Na rodada foi também “bispo constitucional” Jean-Baptiste Gobel. Num gesto radical, Gobel havia chegado a renunciar até ao cargo consentido, apresentando a cruz peitoral, o anel de bispo e a mitra numa sessão da Convenção. Recidivou ao subir o cadafalso, gritando “Viva Jesus Cristo”.

A centralidade de Notre-Dame, que chegou a ser transformada em depósito de vinho para a Guarda Nacional, foi rapidamente reconhecida por um certo oficial revolucionário chamado Napoleão Bonaparte.

Pela concordata que fez com o papa Pio VII, Notre-Dame voltou a ser em 1801 o que nunca tinha deixado de ter sido, uma catedral única até mesmo no país das catedrais. Mas sob controle do Estado e da nova realidade: o antecessor de Pio VII havia sido refém de Napoleão até a morte, em 1799.

Todo mundo sabe, principalmente pelo quadro de Jacques Louis David, que Napoleão foi coroado imperador em Notre-Dame. Um dominado Pio VII lhe passou a coroa que ele mesmo colocou sobre a própria cabeça.

Nenhum dos objetos litúrgicos sobreviveu à Revolução e o “tesouro” para o qual o genial arquiteto Eugène Violet-le-Duc construiu uma sala especial na residência episcopal queimada em outro surto revolucionário francês, remonta todo ao século 19.

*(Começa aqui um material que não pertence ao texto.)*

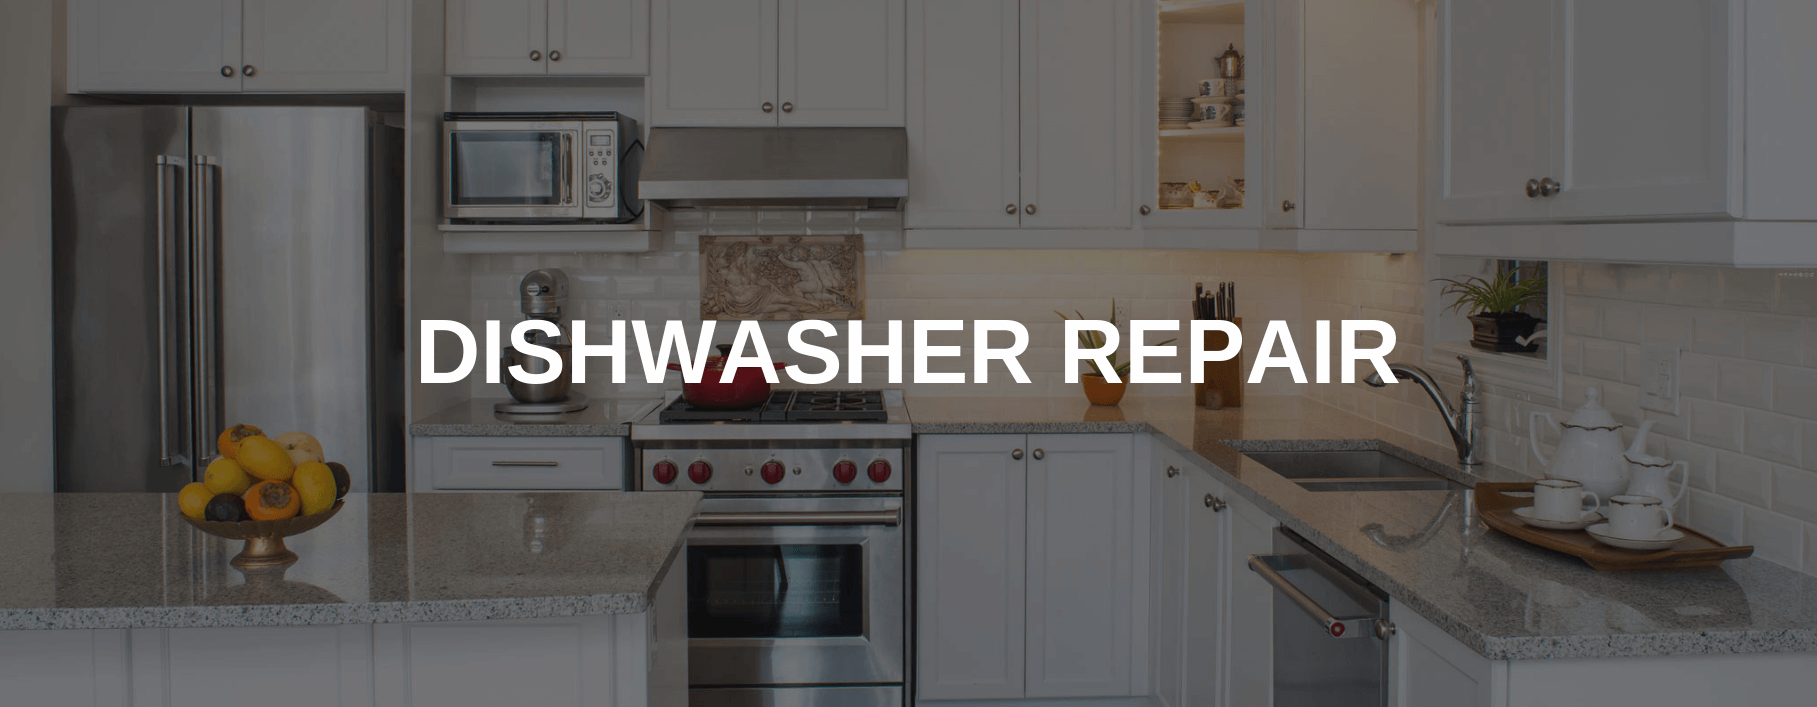 dishwasher repair rockville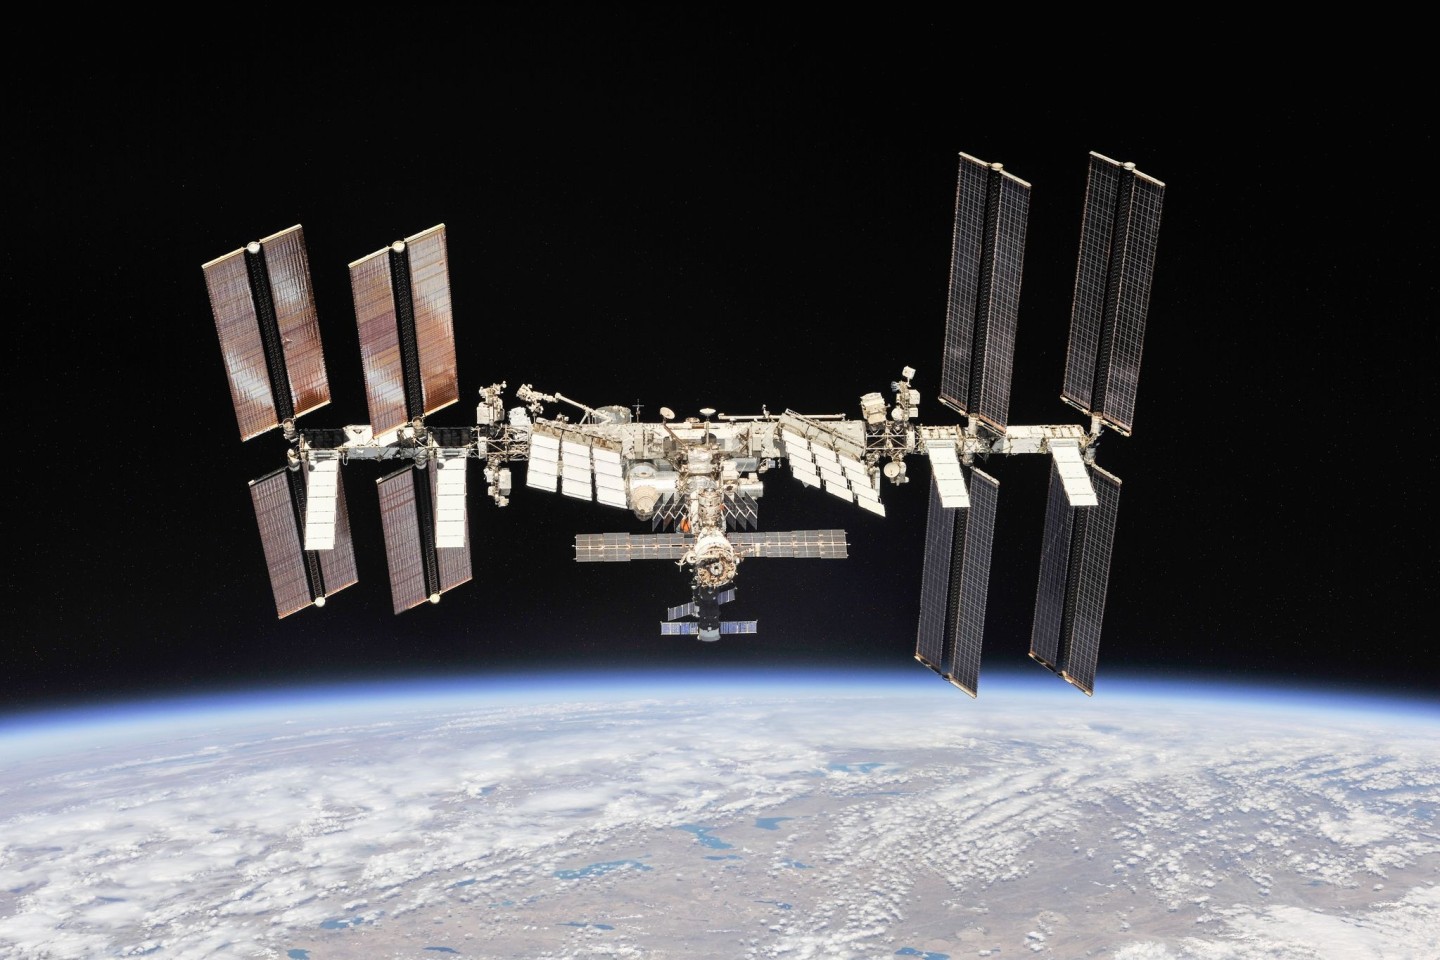 Der Weiterbetrieb der Internationalen Raumstation ISS bis 2030 scheint gesichert.

Foi Violet-Le-Duc quem ergueu a agulha apontada para o céu, o clássico sinal exterior de união entre os mundos das catedrais, transformada na mais dolorosa imagem do grande incêndio de Notre-Dame.

“Santa Maria, Mãe de Deus, rogai por nós”, cantaram espontaneamente católicos franceses que saíram às ruas de Paris para contemplar o desastre indizível.

Comovente, para fiéis ou não. Uma triste e doce despedida para a catedral imortal na sua hora mais difícil, talvez aquela em que deixará a terra e entrará no mundo dos mitos.